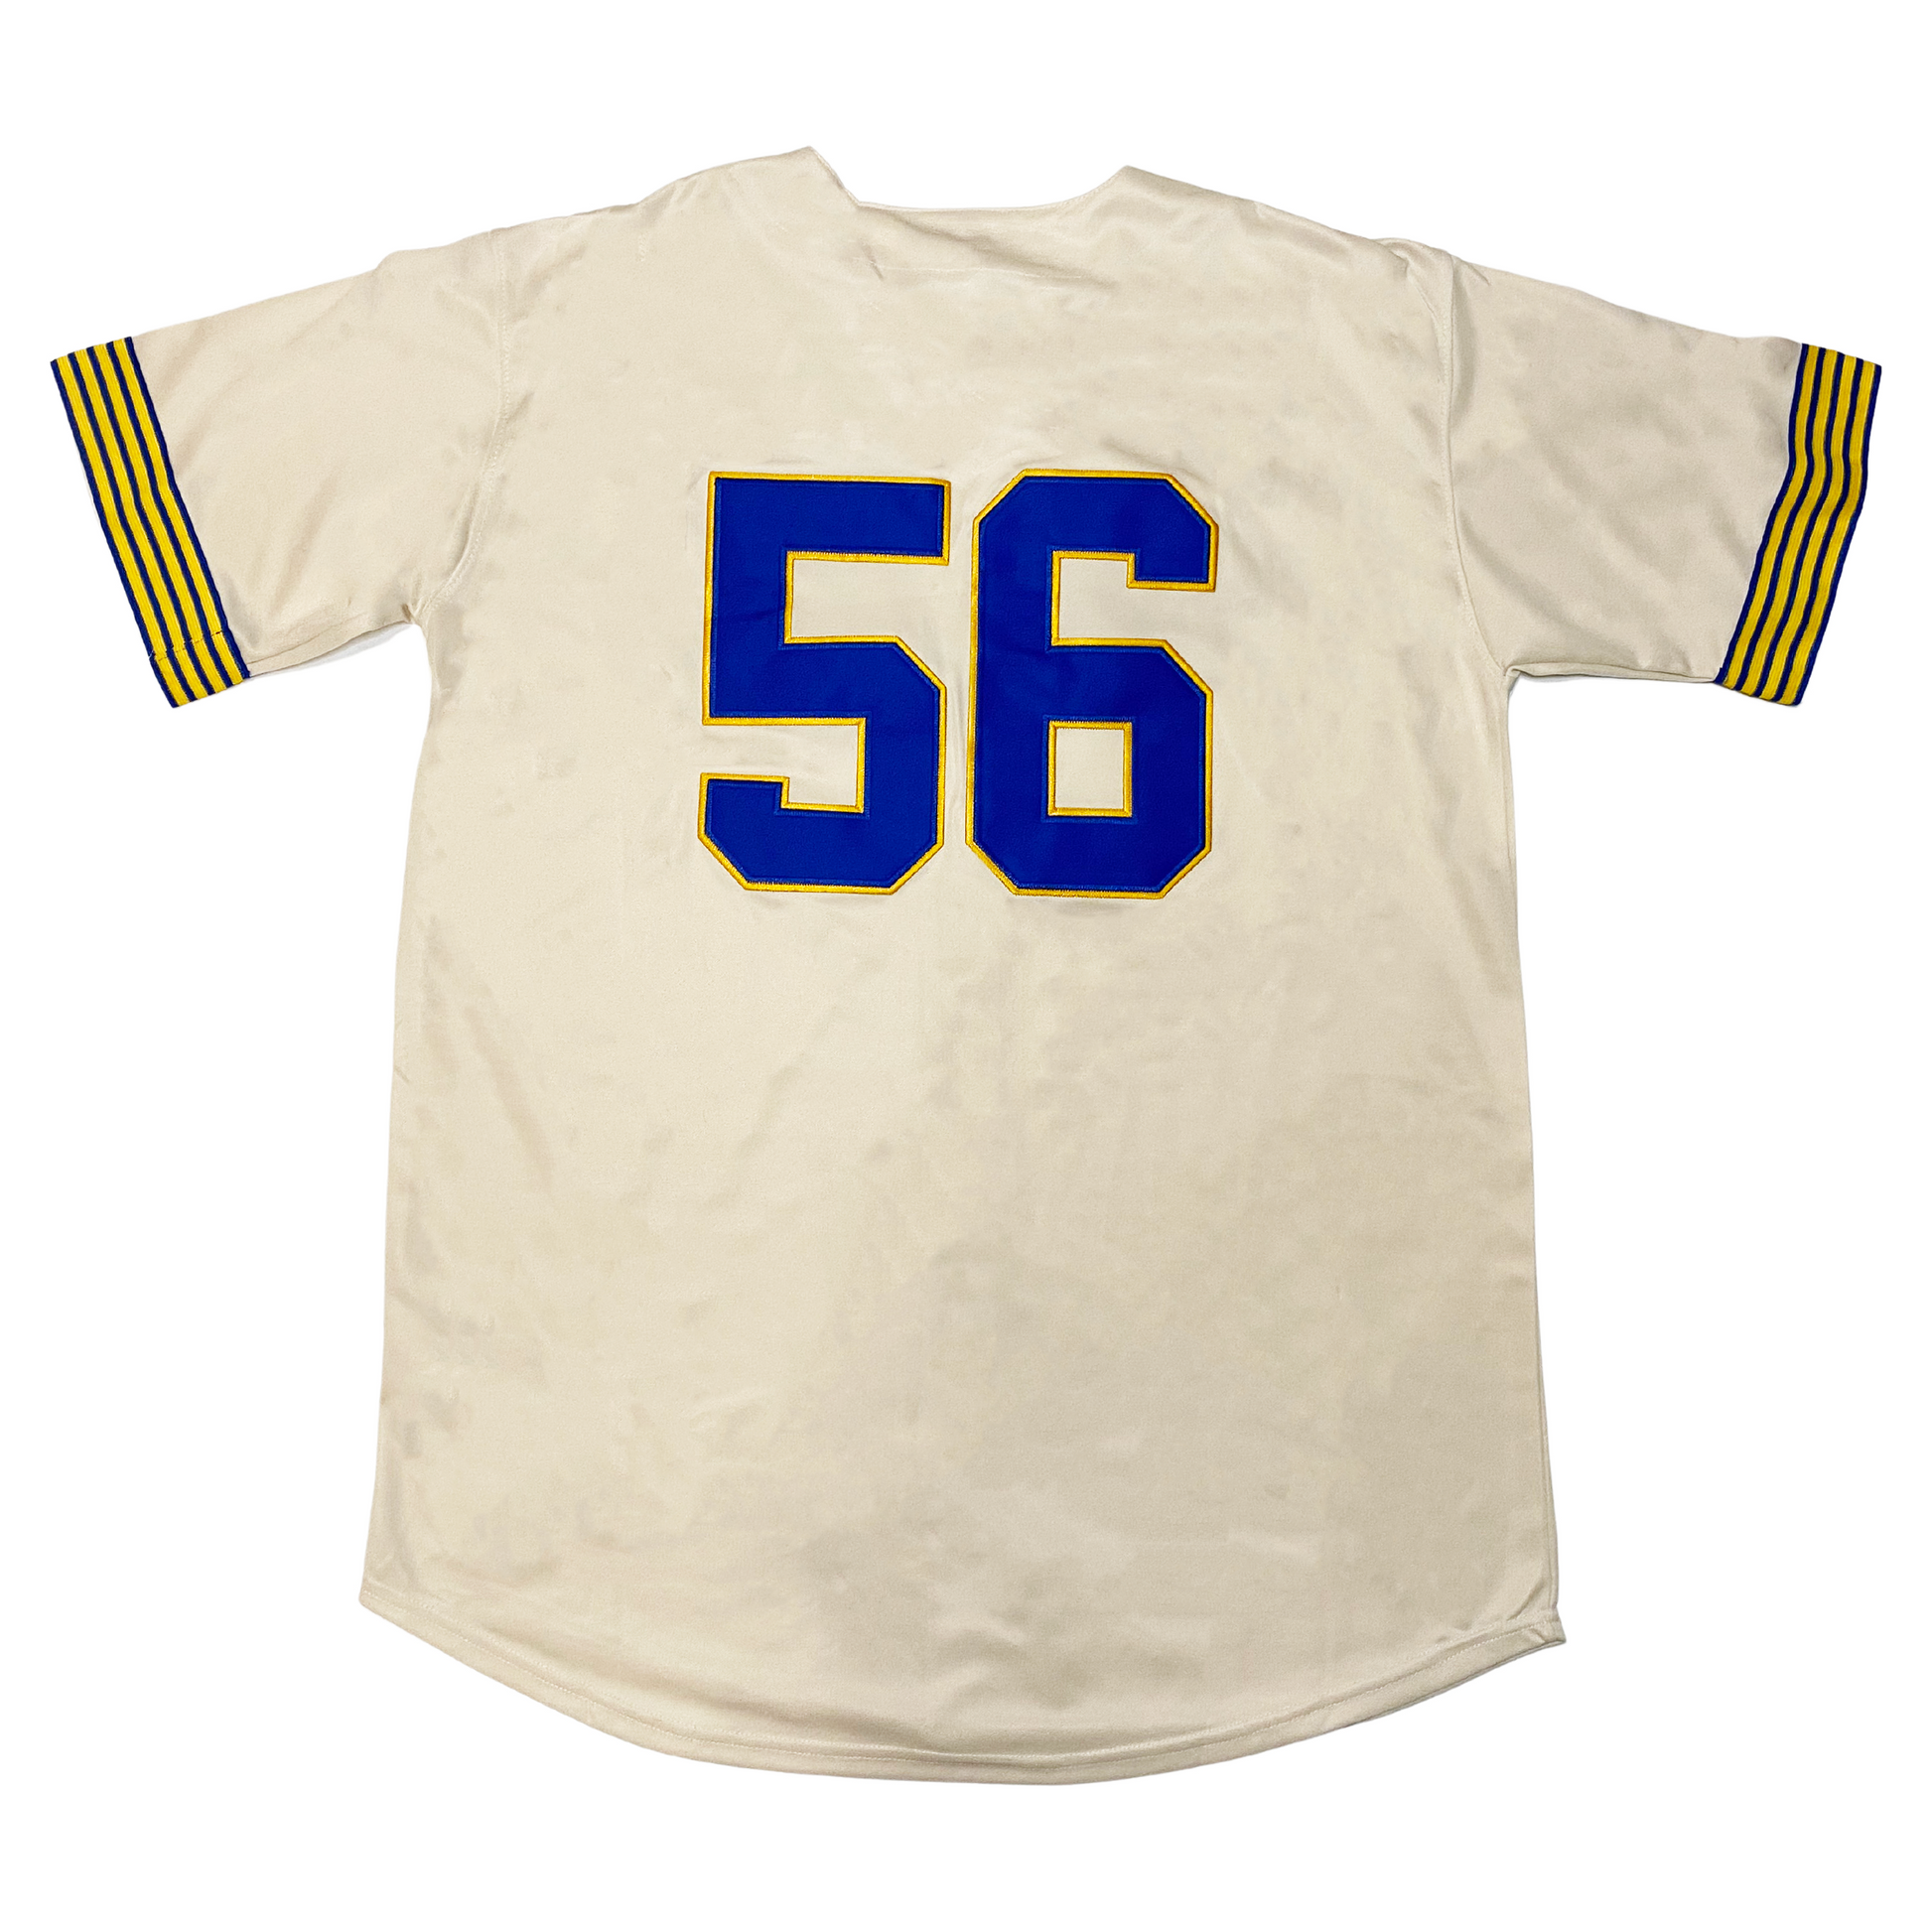 1969 Seattle Pilots Original & Unrestored Full Uniform. Baseball, Lot  #80459
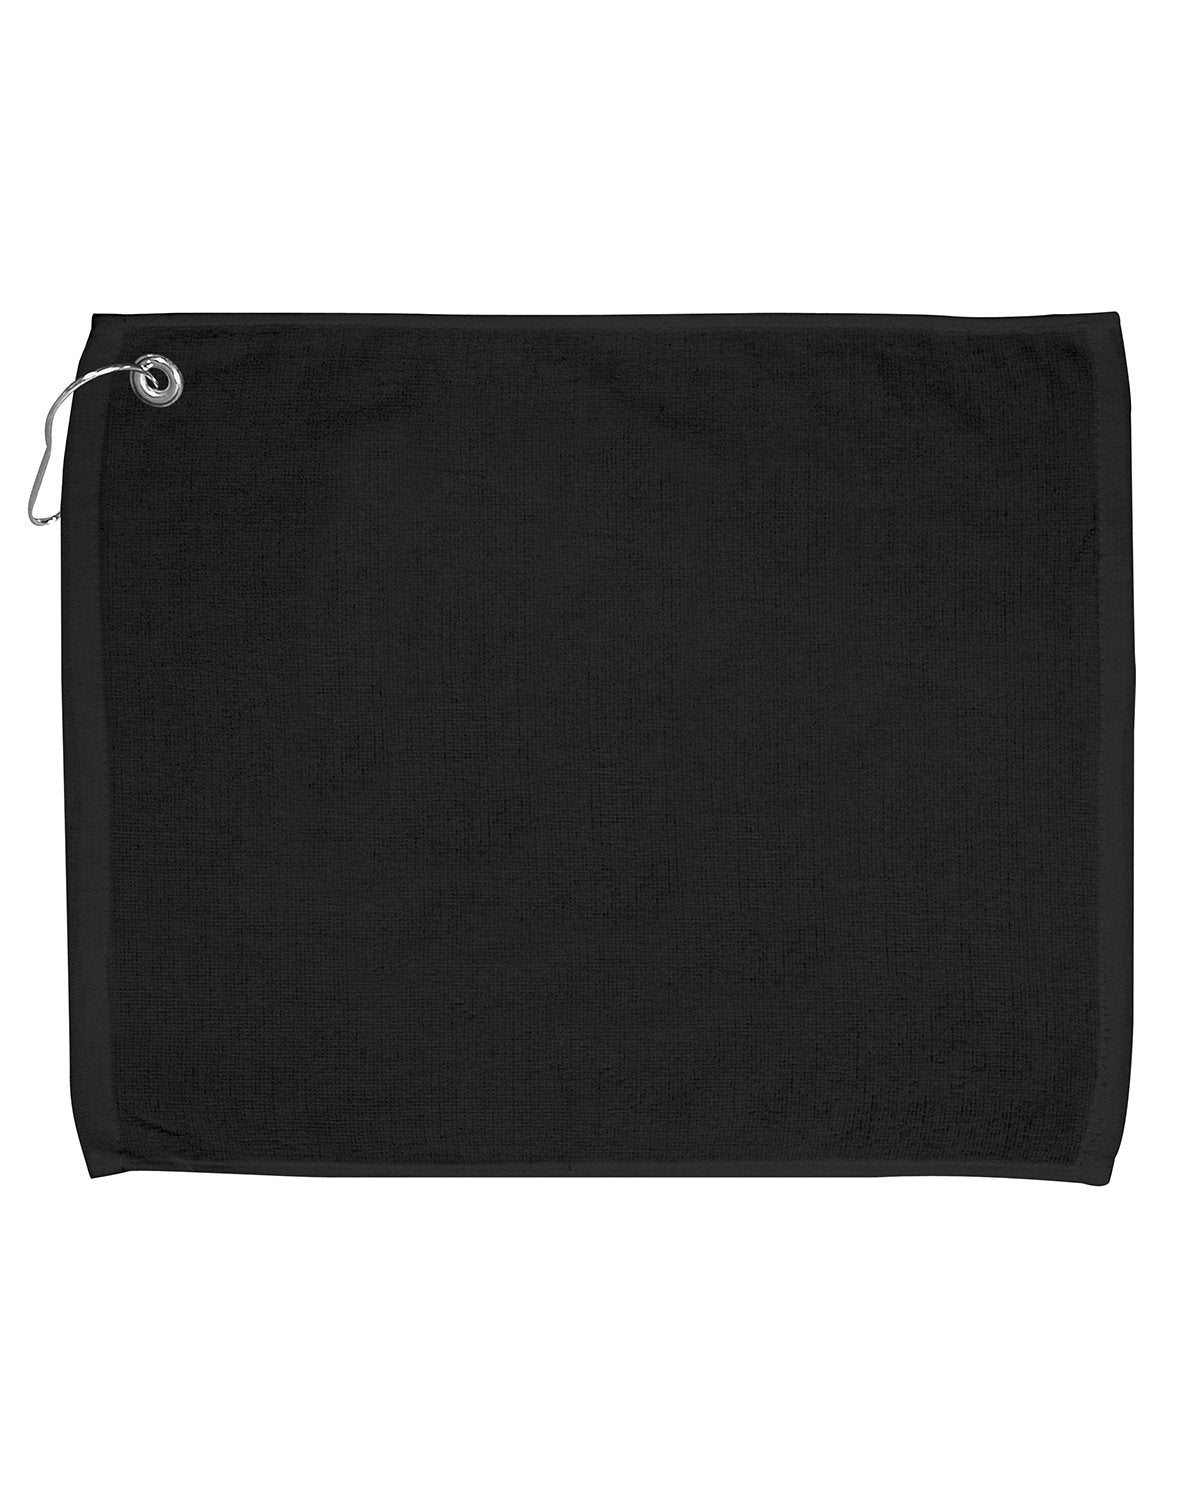 C1625GH-Carmel Towel Company-BLACK-Carmel Towel Company-Bags and Accessories-1
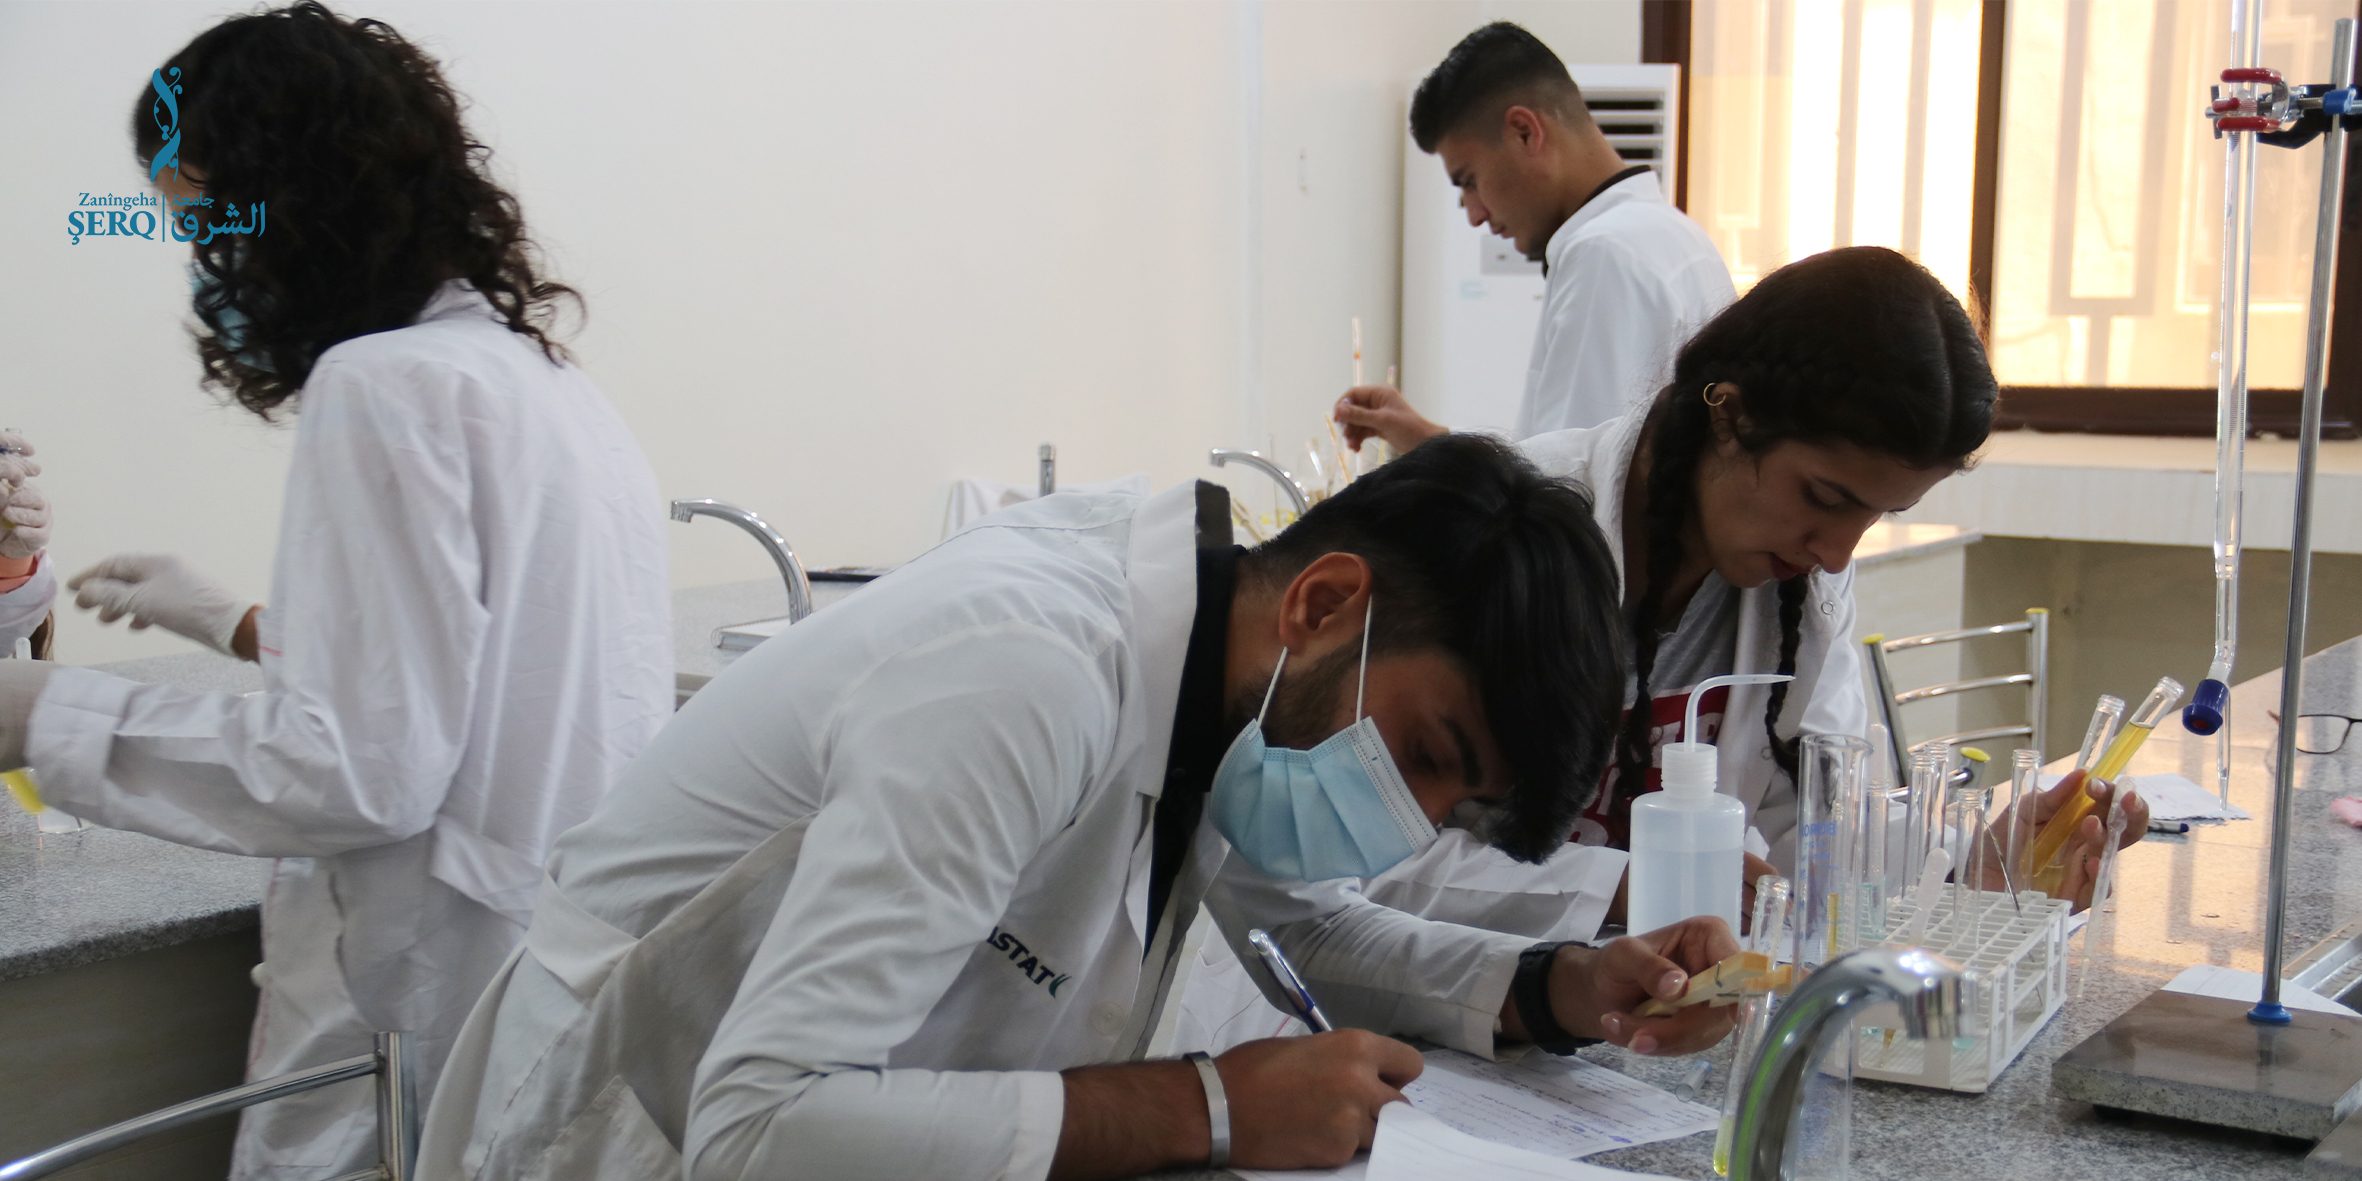 Practical exam at Al-Sharq University

**TASK ITEM**
Return the data word for word without its pictures.

**FINISHED EXERCISE**
 1969 Seattle Pilots Original & Unrestored Full Uniform. Baseball, Lot  #80459
 C1625GH-Carmel Towel Company-BLACK-Carmel Towel Company-Bags and Accessories-1
 Practical exam at Al-Sharq University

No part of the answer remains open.